The play opens with a group of young black men charging on and off stage as though they were being chased by assailants. We were immediately told that they had beaten one of their contemporaries to death. He lived on the same council estate as they did and was about to embark on a university course.

I waited for a whodunnit, a thriller of some kind. I soon realised that there was no plot. The murderers, babbling inanities, revealed that the dead student had screwed the girl who ran the local cafe, and that her boyfriend and his posse had executed him.

These personalities - not characters - remained the same from beginning to end. Not one was transformed by events, nor did any transform the miserable train of events laid before us. The outline stood still and so did this band of actors. The playwright stuffed them with one-liners reminiscent of a stand-up comedian. This he passed off as dialogue, as the actors stood on their hind legs and preached from an imaginary pulpit. This was not a slice of real life, but of low life sketched by the playwright for the delectation of whites. The only actor over 21 was a drunk vagrant who drifted on and off stage saying: "Give us a pound." It was a barely disguised attempt to borrow one of Shakespeare's fools. But not a drop of wisdom fell from his lips.

The whites in the audience lapped it up, entertained by images of stupid, self-destructive blacks paddling through a cesspool of low-life behaviour. With no plot, characterisation or suspense, two police officers supposedly investigating the murder were reduced to preaching about the Macpherson report that followed the murder of Stephen Lawrence.

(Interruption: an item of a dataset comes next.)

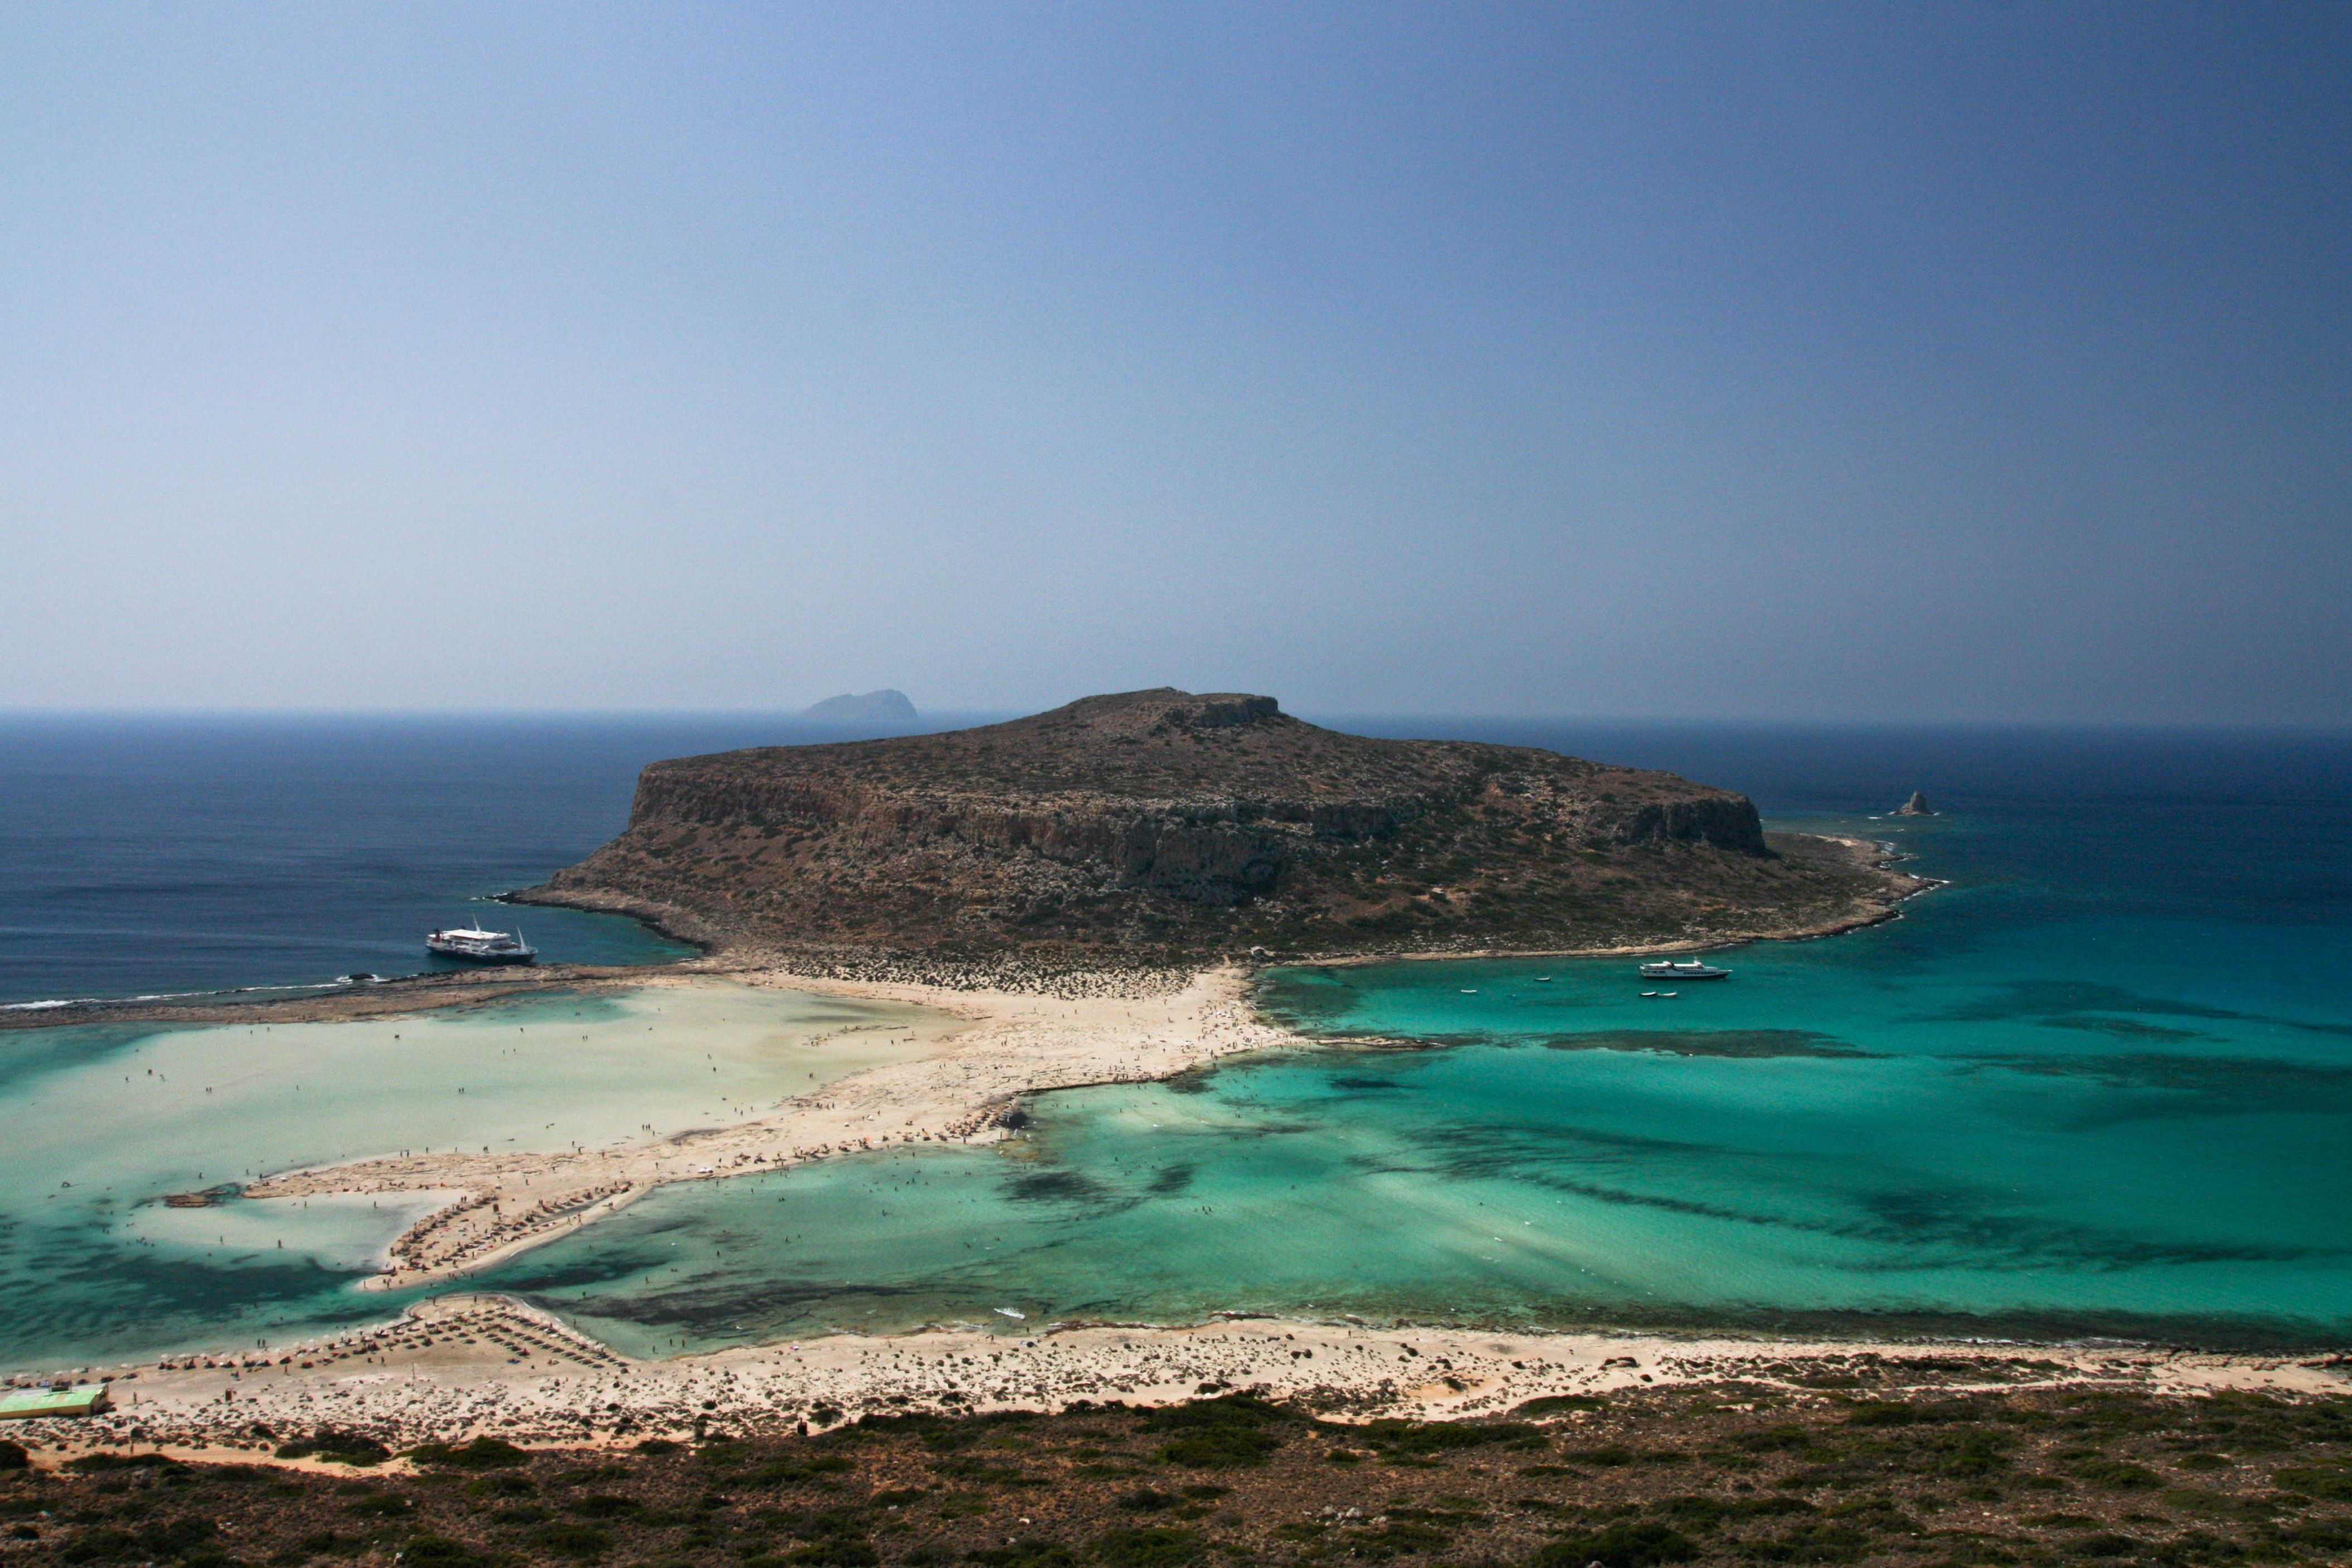 Cliff island in Crete, Greece
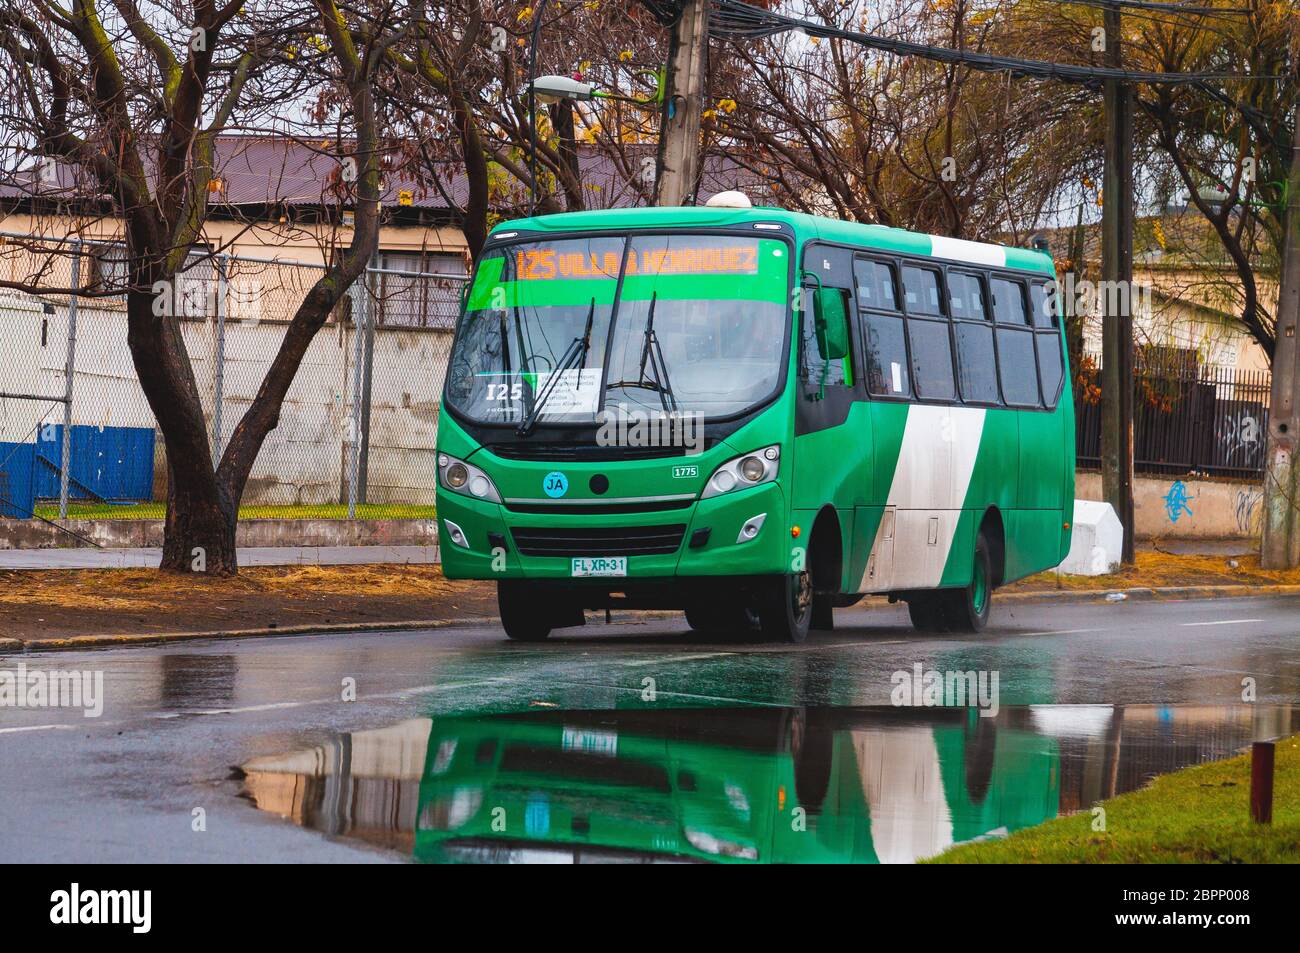 SANTIAGO, CILE - 2019 GIUGNO: Un autobus Transantiago durante una giornata piovosa a Cerrillos Foto Stock

The playwright thought he was being clever when he set up one of the policemen as a black from the same ghetto who ranted in favour of brutal and murderous policing and referred disparagingly to young blacks as "niggers". I almost vomited.

The play ended in violence. The black policeman kicked and punched the suspect to within an inch of his life. Somewhere in the Royal Court, the liberal dynasty abjures all the rules that make for good drama when it comes to plays about blacks.